The original Tatler, which reported news and gossip from the London coffeehouses, was founded in 1709. It has existed in various forms since that time.
In the period referred to in Brideshead Revisited, the Tatler offered articles on fashion and reports of high society social events.
Assyria was a kingdom in Mesopotamia whose rulers managed to establish several empires during the pre-Christian period.
Art work produced during the later stages of the Assyrian civilisation (1500BC-612BC) includes carved stone relief work, often depicting animals; lions and horses were particularly popular choices of subject.
La Gioconda is another name for the Mona Lisa, a painting by the Renaissance artist Leonardo da Vinci, and one of the most famous works of art in the world.
It is currently on display at the Louvre Museum in Paris, under the title Portrait of Lisa Gherardini, wife of Francesco del Giocondo.
Captain Foulenough was a fictional character who featured in the popular Daily Express column By the Way which ran from 1919 to 1975.

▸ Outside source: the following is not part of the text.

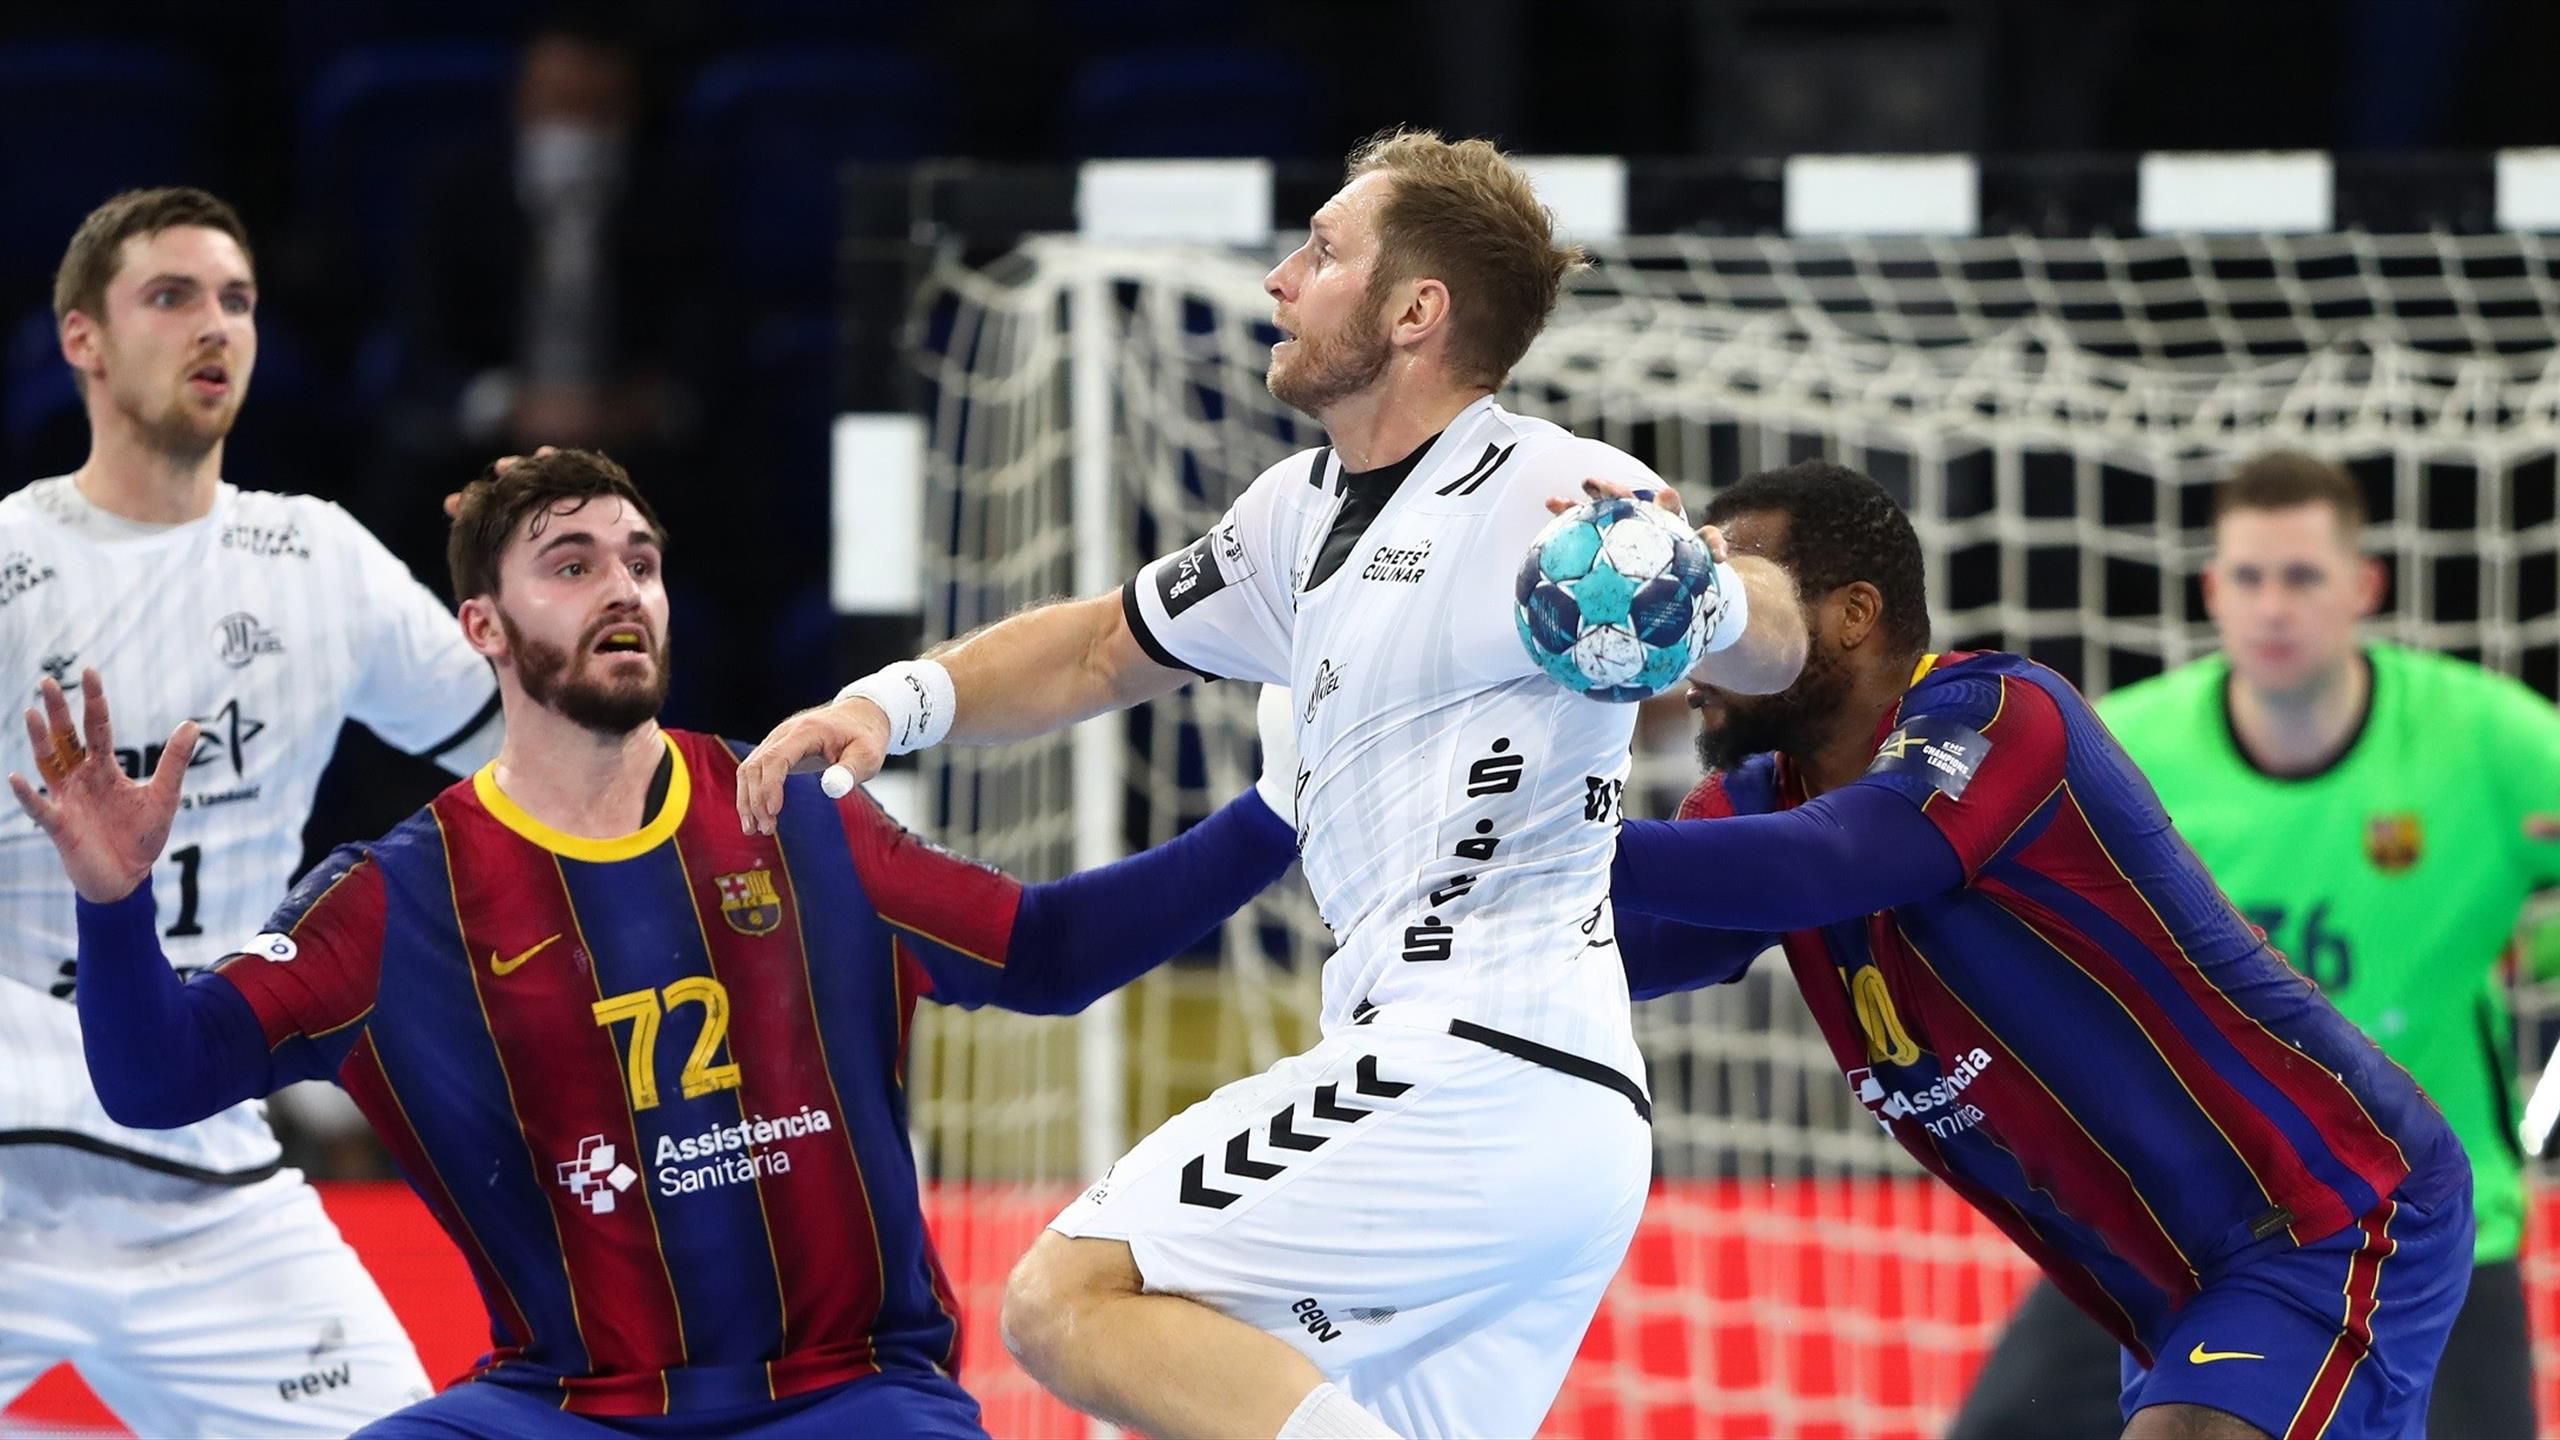 eurosport übertragung handball wm

Having been educated at Narkover school (which specialised in card-playing, horse racing and bribery), Captain Foulenough had a penchant for gate-crashing upper-class social events, which he then proceeded to wreck.
The column had many different authors over the course of its 56 years, some of whom used the nom de plume Beachcomber.

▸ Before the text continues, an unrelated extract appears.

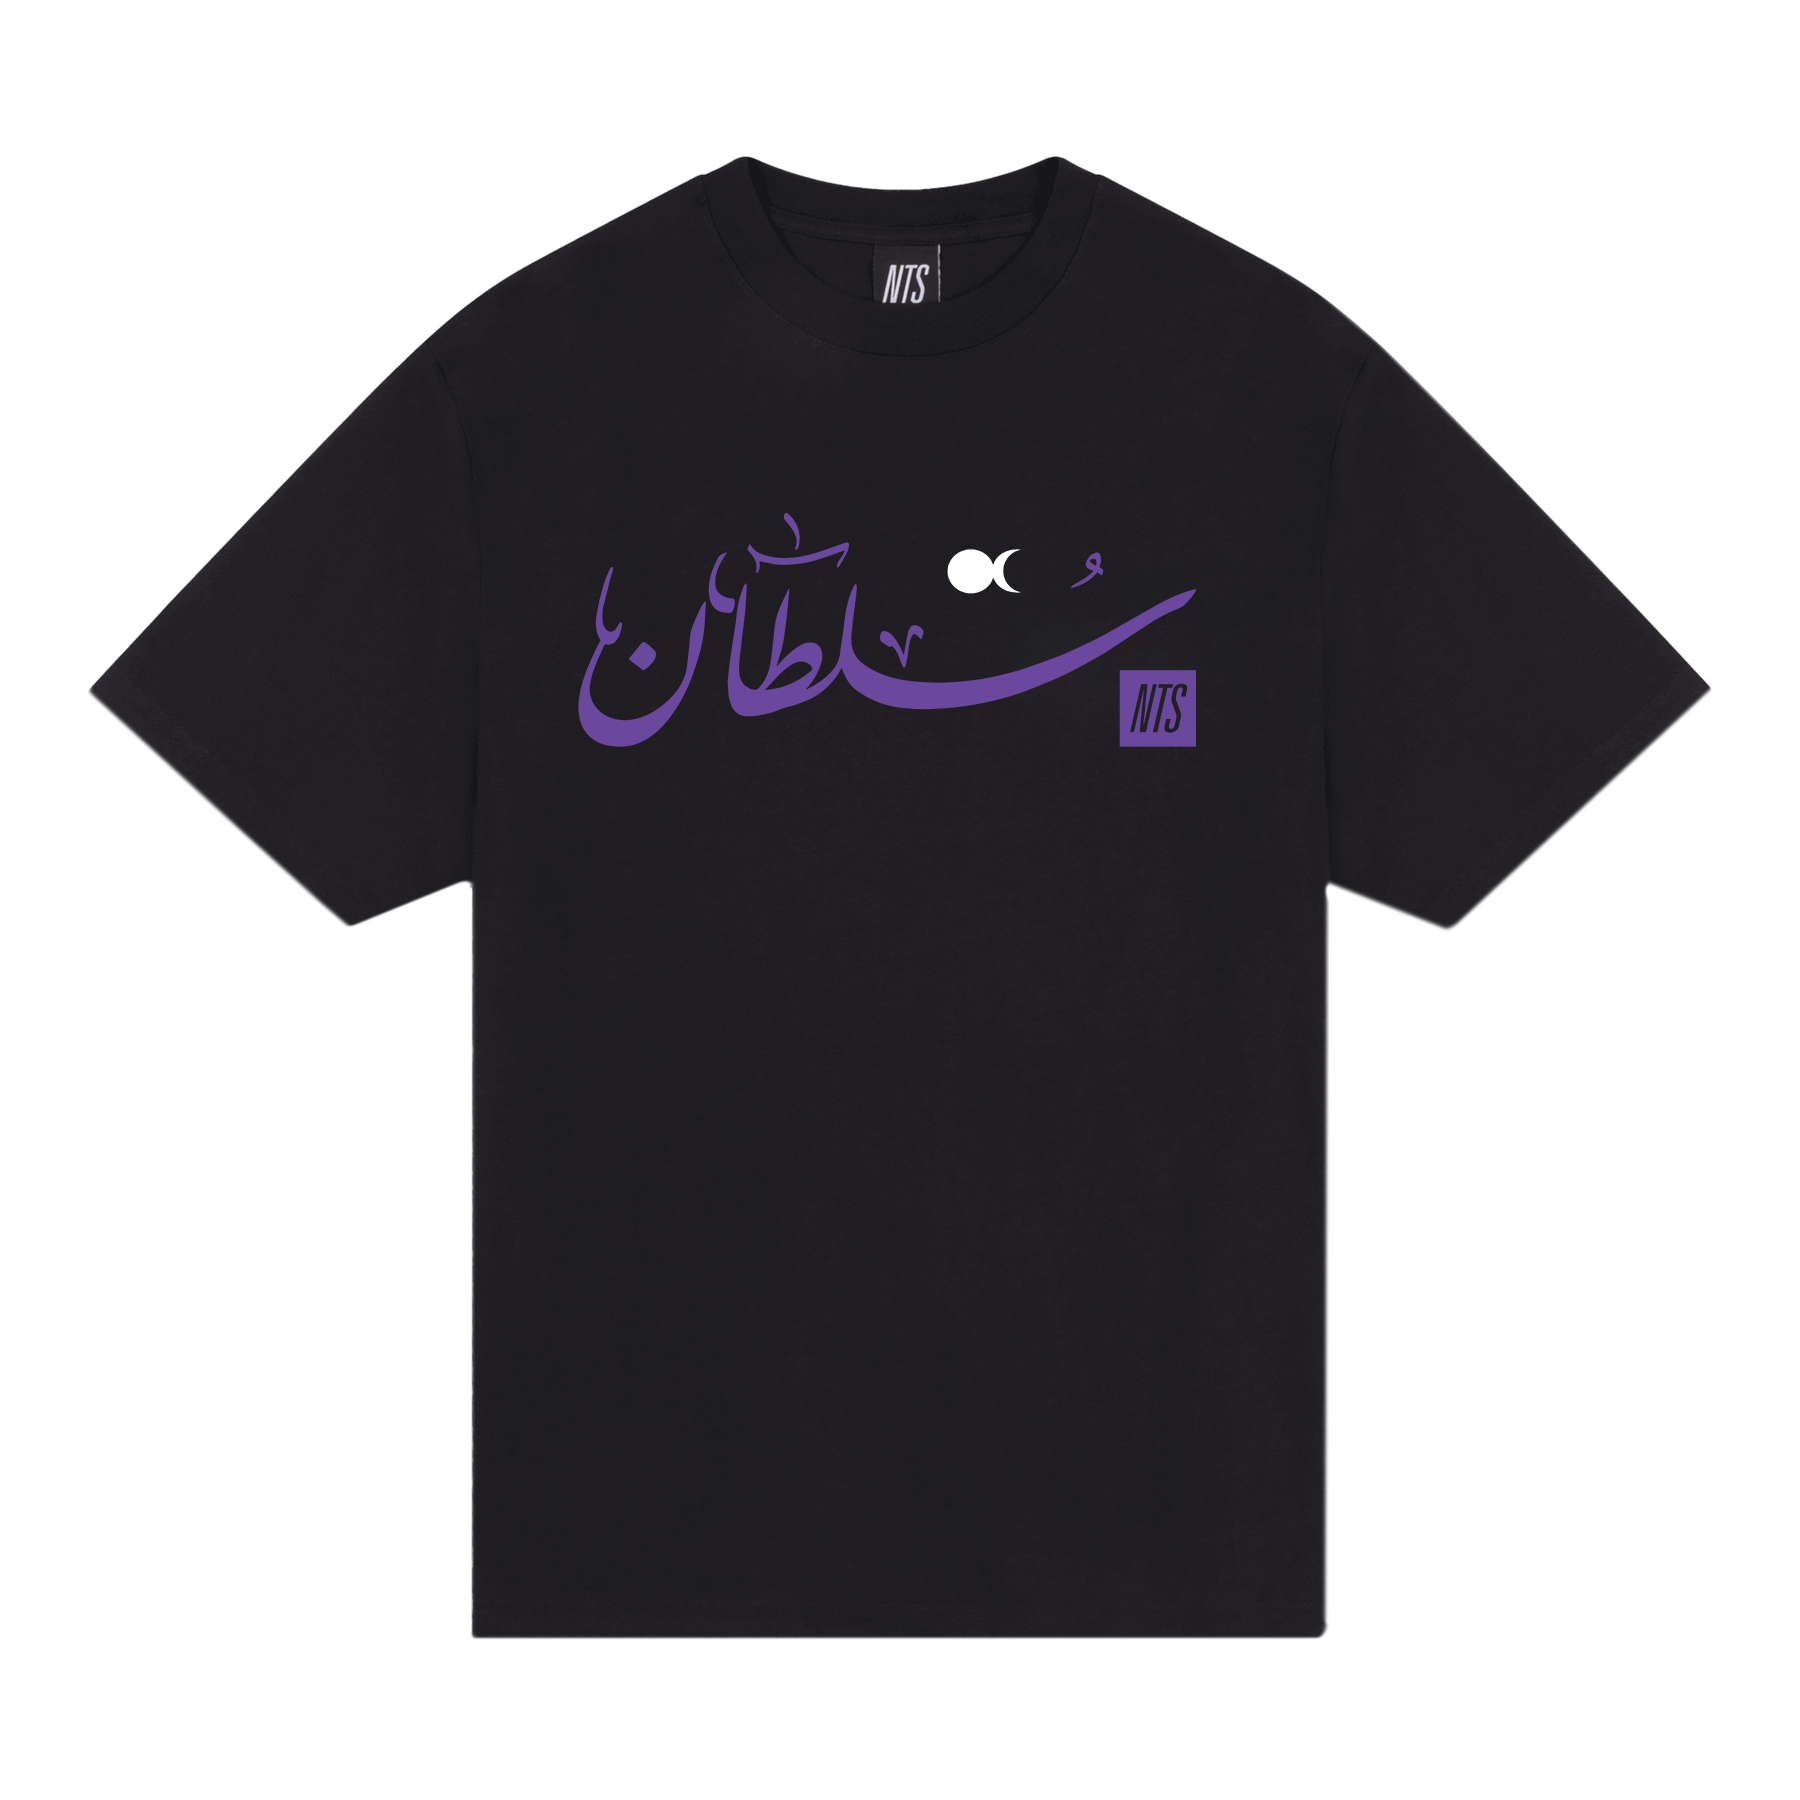 NTS RADIO - Shabjdeed & Al Nather - Sultan T-Shirt

Popeye the Sailor is a fictional character who made his debut in a 1929 American comic strip, Thimble Theatre.
He subsequently appeared in numerous comic strips, animated films, advertisements, television shows and video games.
One of his most notable characteristics is his superhuman strength, acquired by eating spinach.
In the famous 'heath scene', King Lear rushes out into a storm to rail against two of his daughters, Goneril and Regan, whose ungrateful behaviour has enraged him.
The Duchess is a young widow whose remarriage is opposed by members of her family. In Act IV, Scene 2, just prior to being murdered, the Duchess is taunted by madmen.
From King Lear (Act III, Scene 2):
Blow, winds, and crack your cheeks! rage! blow!
You cataracts and hurricanoes, spout
Till you have drench'd our steeples, drown'd the cocks*!
*weathercocks, also known as weathervanes, are instruments for showing the direction of the wind; they are often placed on church steeples, and are commonly in the form of a cockerel.
The three characters from Shakespeare's King Lear who are present in the 'heath scene':
King Lear, who descends into madness during the course of the play;
The Earl of Kent, a character sympathetic to King Lear, who is disguised as Caius throughout most of the play;
The Fool, a supposed simpleton who, like most of Shakespeare's 'fools', is actually extremely astute.